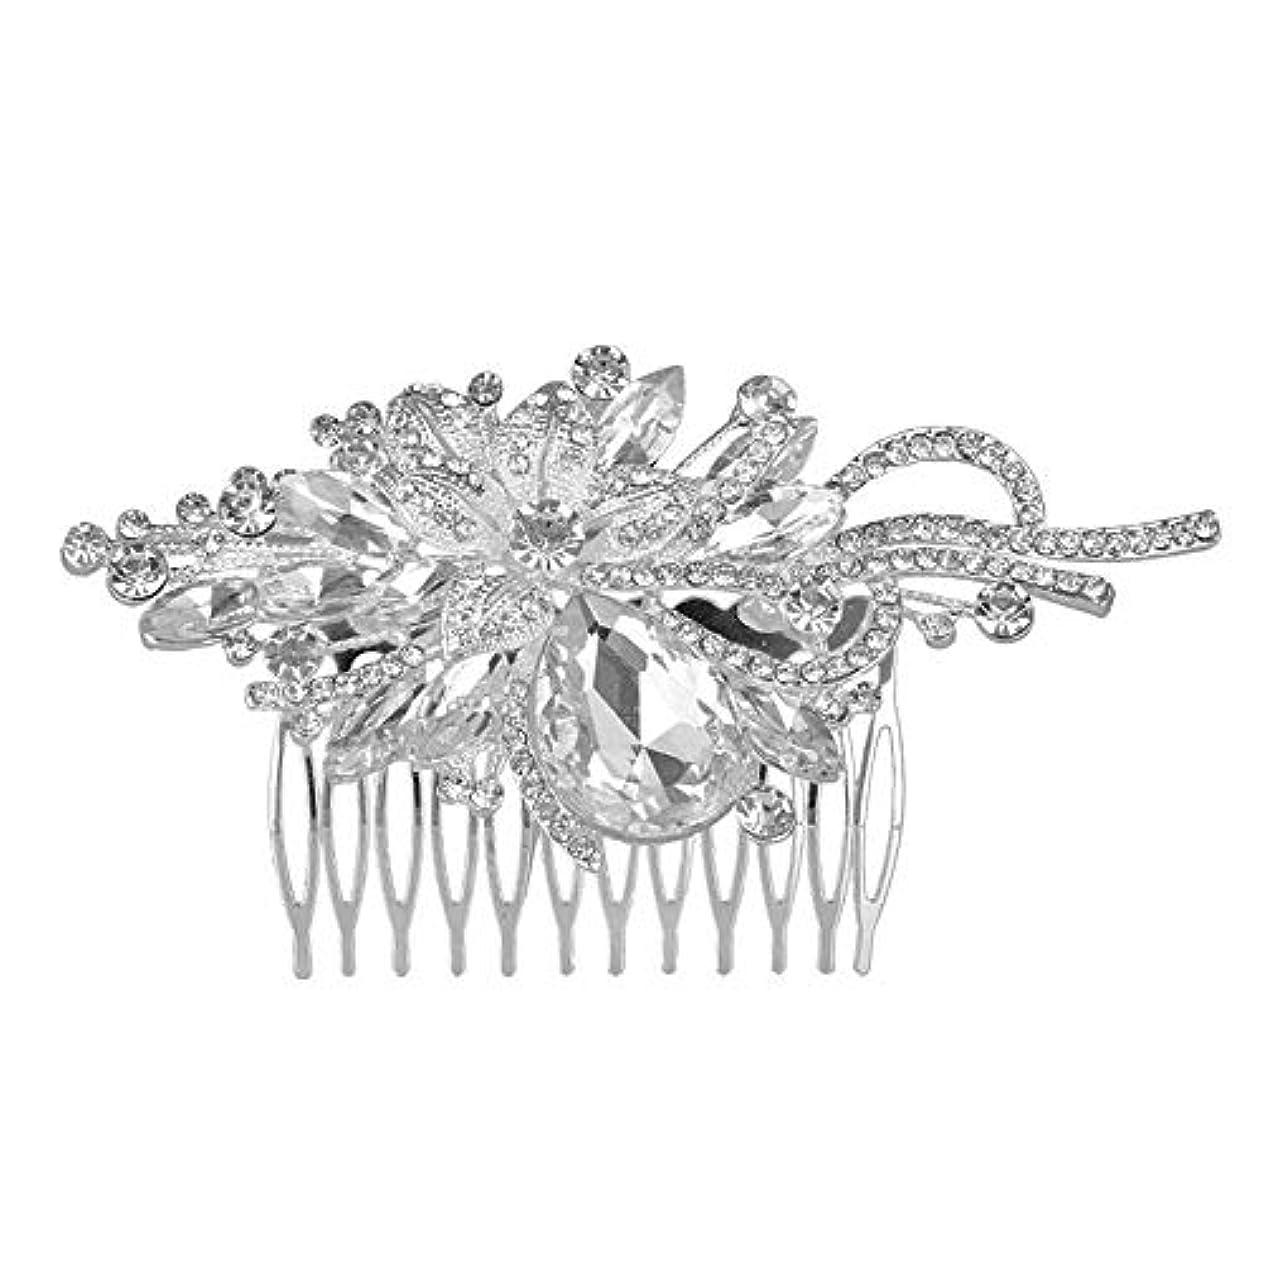 アーク隔離戦闘髪の櫛挿入櫛花嫁の髪櫛クラウン髪の櫛結婚式のアクセサリー葉の髪の櫛ラインストーンの髪の櫛ブライダルヘッドドレス
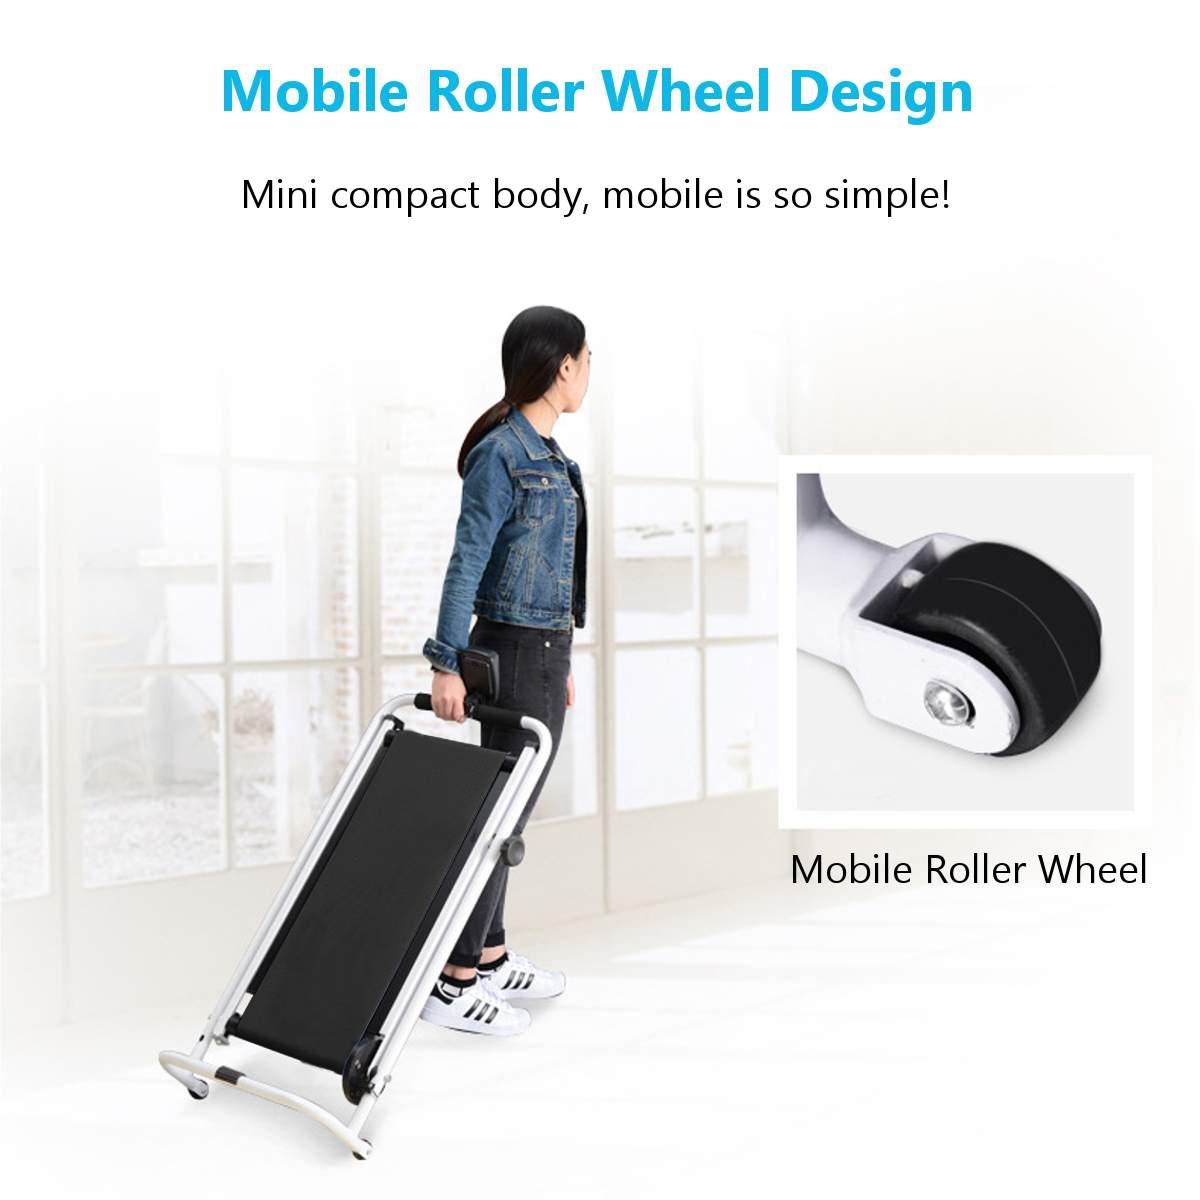 Tapis roulant pliable électrique LED affichage jogging espace marche Machine aérobie Sport Fitness équipement pas d'espace de plancher facile à déplacer - 6
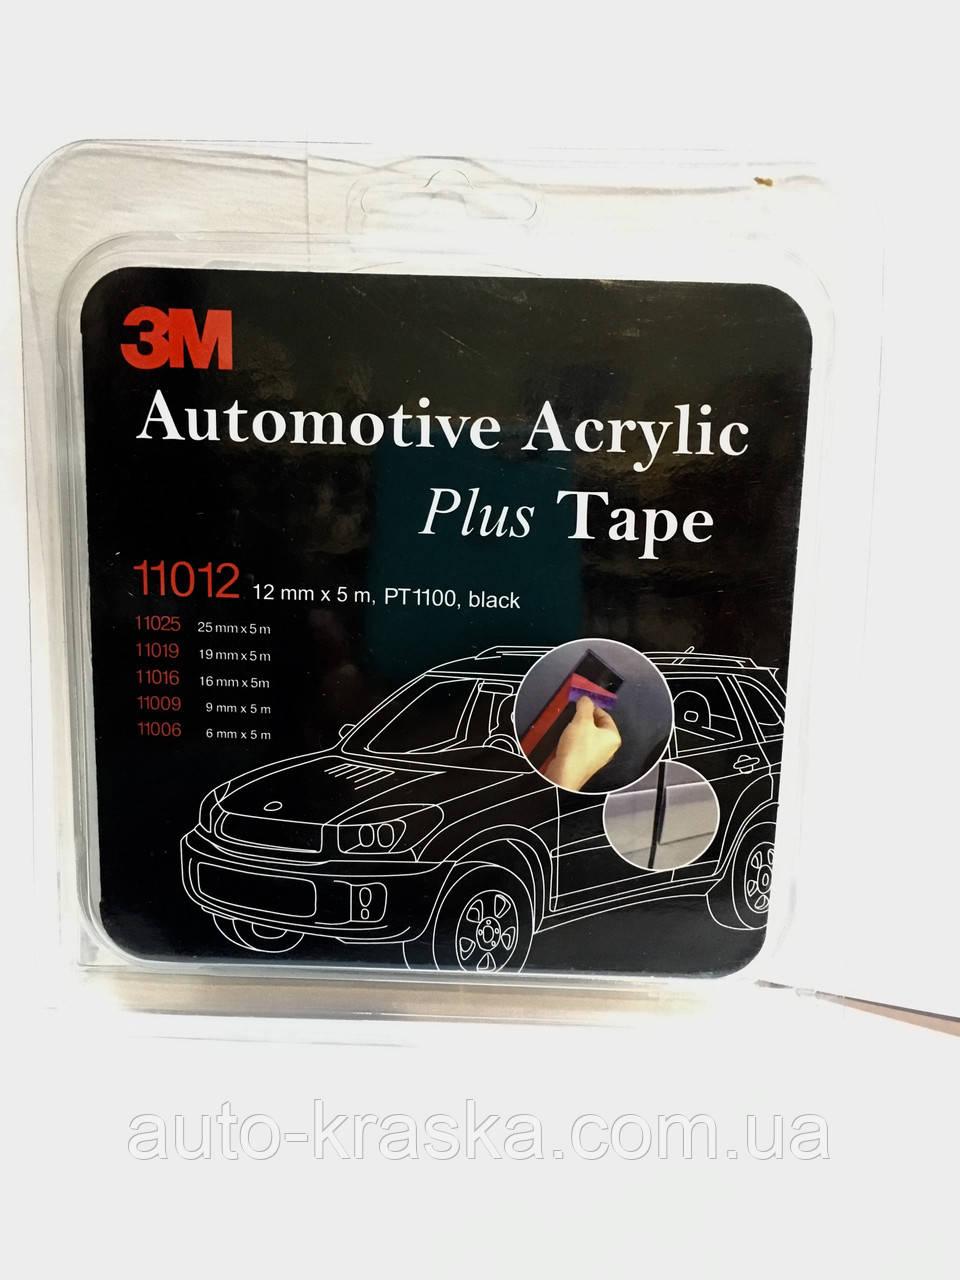 3М Двухсторонний скотч  Plus Tape  PT 1100 Пеноакриловый  12mm* 5m
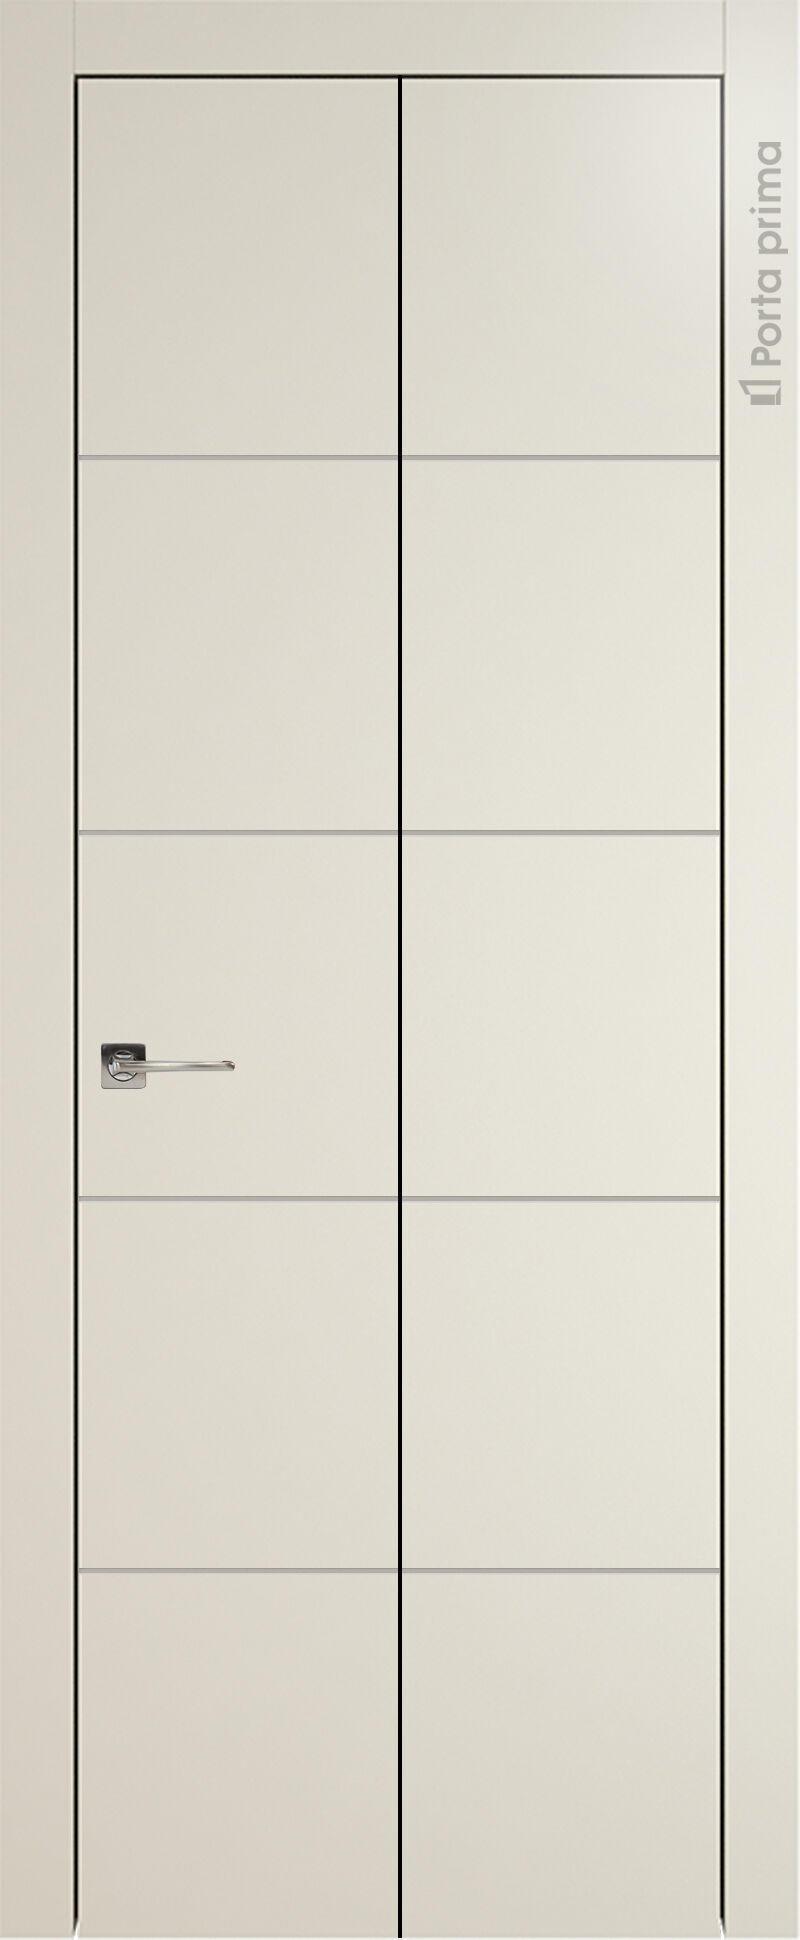 Tivoli Д-2 Книжка цвет - Жемчужная эмаль Без стекла (ДГ)

···

Problem
Reproduce the data above word for word, but leave the images out.

Exercise response
 アーク隔離戦闘髪の櫛挿入櫛花嫁の髪櫛クラウン髪の櫛結婚式のアクセサリー葉の髪の櫛ラインストーンの髪の櫛ブライダルヘッドドレス
 Tapis roulant pliable électrique LED affichage jogging espace marche Machine aérobie Sport Fitness équipement pas d'espace de plancher facile à déplacer - 6
 3М Двухсторонний скотч  Plus Tape  PT 1100 Пеноакриловый  12mm* 5m
 Tivoli Д-2 Книжка цвет - Жемчужная эмаль Без стекла (ДГ)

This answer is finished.